### Dataset records

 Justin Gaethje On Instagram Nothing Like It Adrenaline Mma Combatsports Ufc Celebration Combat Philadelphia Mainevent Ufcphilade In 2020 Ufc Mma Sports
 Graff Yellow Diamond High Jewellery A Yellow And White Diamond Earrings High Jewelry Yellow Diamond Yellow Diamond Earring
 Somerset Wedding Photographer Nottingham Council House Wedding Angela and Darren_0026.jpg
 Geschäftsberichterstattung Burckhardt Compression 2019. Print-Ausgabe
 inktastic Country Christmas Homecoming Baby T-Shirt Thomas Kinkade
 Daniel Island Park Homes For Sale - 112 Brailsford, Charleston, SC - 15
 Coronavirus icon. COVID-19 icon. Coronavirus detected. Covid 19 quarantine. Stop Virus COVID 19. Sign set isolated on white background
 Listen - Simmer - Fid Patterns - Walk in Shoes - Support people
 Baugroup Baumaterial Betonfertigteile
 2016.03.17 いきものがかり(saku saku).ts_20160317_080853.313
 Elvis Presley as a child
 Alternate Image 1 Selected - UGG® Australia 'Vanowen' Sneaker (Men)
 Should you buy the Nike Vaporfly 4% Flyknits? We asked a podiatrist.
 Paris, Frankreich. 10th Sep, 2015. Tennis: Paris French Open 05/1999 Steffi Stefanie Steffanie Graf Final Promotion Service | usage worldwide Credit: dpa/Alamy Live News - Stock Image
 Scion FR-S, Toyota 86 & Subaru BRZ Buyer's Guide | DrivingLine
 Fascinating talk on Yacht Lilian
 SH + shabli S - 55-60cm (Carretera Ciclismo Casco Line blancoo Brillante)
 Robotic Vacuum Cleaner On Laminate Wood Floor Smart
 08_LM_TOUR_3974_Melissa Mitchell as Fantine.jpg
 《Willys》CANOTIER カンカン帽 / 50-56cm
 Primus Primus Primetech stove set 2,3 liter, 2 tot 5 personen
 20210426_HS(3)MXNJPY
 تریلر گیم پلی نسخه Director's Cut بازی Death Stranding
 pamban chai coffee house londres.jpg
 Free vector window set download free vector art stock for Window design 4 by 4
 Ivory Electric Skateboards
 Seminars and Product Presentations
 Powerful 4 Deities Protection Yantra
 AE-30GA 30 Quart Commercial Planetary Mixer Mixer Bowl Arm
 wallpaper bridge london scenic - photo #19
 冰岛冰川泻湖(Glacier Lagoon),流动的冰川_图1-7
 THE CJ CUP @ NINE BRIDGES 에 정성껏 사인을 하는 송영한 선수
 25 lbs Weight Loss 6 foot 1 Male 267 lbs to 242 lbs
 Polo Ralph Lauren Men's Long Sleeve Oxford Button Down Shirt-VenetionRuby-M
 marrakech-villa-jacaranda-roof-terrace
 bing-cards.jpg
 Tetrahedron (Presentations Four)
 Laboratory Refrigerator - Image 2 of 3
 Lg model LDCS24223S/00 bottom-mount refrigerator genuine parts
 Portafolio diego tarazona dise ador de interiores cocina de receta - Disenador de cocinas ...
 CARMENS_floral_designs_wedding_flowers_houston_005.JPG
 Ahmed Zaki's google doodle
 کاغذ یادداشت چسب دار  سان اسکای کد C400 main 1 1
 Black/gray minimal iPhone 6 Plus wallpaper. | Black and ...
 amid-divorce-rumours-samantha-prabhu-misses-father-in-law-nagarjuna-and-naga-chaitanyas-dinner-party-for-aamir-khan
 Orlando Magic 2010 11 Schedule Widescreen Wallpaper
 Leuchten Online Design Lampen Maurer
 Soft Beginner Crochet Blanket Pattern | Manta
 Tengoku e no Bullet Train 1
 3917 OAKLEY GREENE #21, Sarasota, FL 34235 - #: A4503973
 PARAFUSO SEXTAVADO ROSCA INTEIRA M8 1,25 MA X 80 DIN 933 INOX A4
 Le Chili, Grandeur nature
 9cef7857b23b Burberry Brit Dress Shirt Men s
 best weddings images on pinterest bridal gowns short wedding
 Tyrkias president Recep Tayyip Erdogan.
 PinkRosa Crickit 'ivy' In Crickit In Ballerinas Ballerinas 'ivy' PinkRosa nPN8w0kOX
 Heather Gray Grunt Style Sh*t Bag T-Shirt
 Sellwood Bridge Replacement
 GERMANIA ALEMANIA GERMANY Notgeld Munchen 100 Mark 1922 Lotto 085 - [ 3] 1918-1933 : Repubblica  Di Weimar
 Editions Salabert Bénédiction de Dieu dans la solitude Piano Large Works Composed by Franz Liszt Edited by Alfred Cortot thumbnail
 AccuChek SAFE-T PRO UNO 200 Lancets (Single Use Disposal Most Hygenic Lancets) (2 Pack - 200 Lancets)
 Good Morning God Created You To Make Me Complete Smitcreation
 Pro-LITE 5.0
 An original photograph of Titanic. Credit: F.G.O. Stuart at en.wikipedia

######

Restate word for word the entries above from the line with "Scion FR-S, Toyota" through the line with "Portafolio diego tarazona", inclusive, leaving out everything else.

 Scion FR-S, Toyota 86 & Subaru BRZ Buyer's Guide | DrivingLine
 Fascinating talk on Yacht Lilian
 SH + shabli S - 55-60cm (Carretera Ciclismo Casco Line blancoo Brillante)
 Robotic Vacuum Cleaner On Laminate Wood Floor Smart
 08_LM_TOUR_3974_Melissa Mitchell as Fantine.jpg
 《Willys》CANOTIER カンカン帽 / 50-56cm
 Primus Primus Primetech stove set 2,3 liter, 2 tot 5 personen
 20210426_HS(3)MXNJPY
 تریلر گیم پلی نسخه Director's Cut بازی Death Stranding
 pamban chai coffee house londres.jpg
 Free vector window set download free vector art stock for Window design 4 by 4
 Ivory Electric Skateboards
 Seminars and Product Presentations
 Powerful 4 Deities Protection Yantra
 AE-30GA 30 Quart Commercial Planetary Mixer Mixer Bowl Arm
 wallpaper bridge london scenic - photo #19
 冰岛冰川泻湖(Glacier Lagoon),流动的冰川_图1-7
 THE CJ CUP @ NINE BRIDGES 에 정성껏 사인을 하는 송영한 선수
 25 lbs Weight Loss 6 foot 1 Male 267 lbs to 242 lbs
 Polo Ralph Lauren Men's Long Sleeve Oxford Button Down Shirt-VenetionRuby-M
 marrakech-villa-jacaranda-roof-terrace
 bing-cards.jpg
 Tetrahedron (Presentations Four)
 Laboratory Refrigerator - Image 2 of 3
 Lg model LDCS24223S/00 bottom-mount refrigerator genuine parts
 Portafolio diego tarazona dise ador de interiores cocina de receta - Disenador de cocinas ...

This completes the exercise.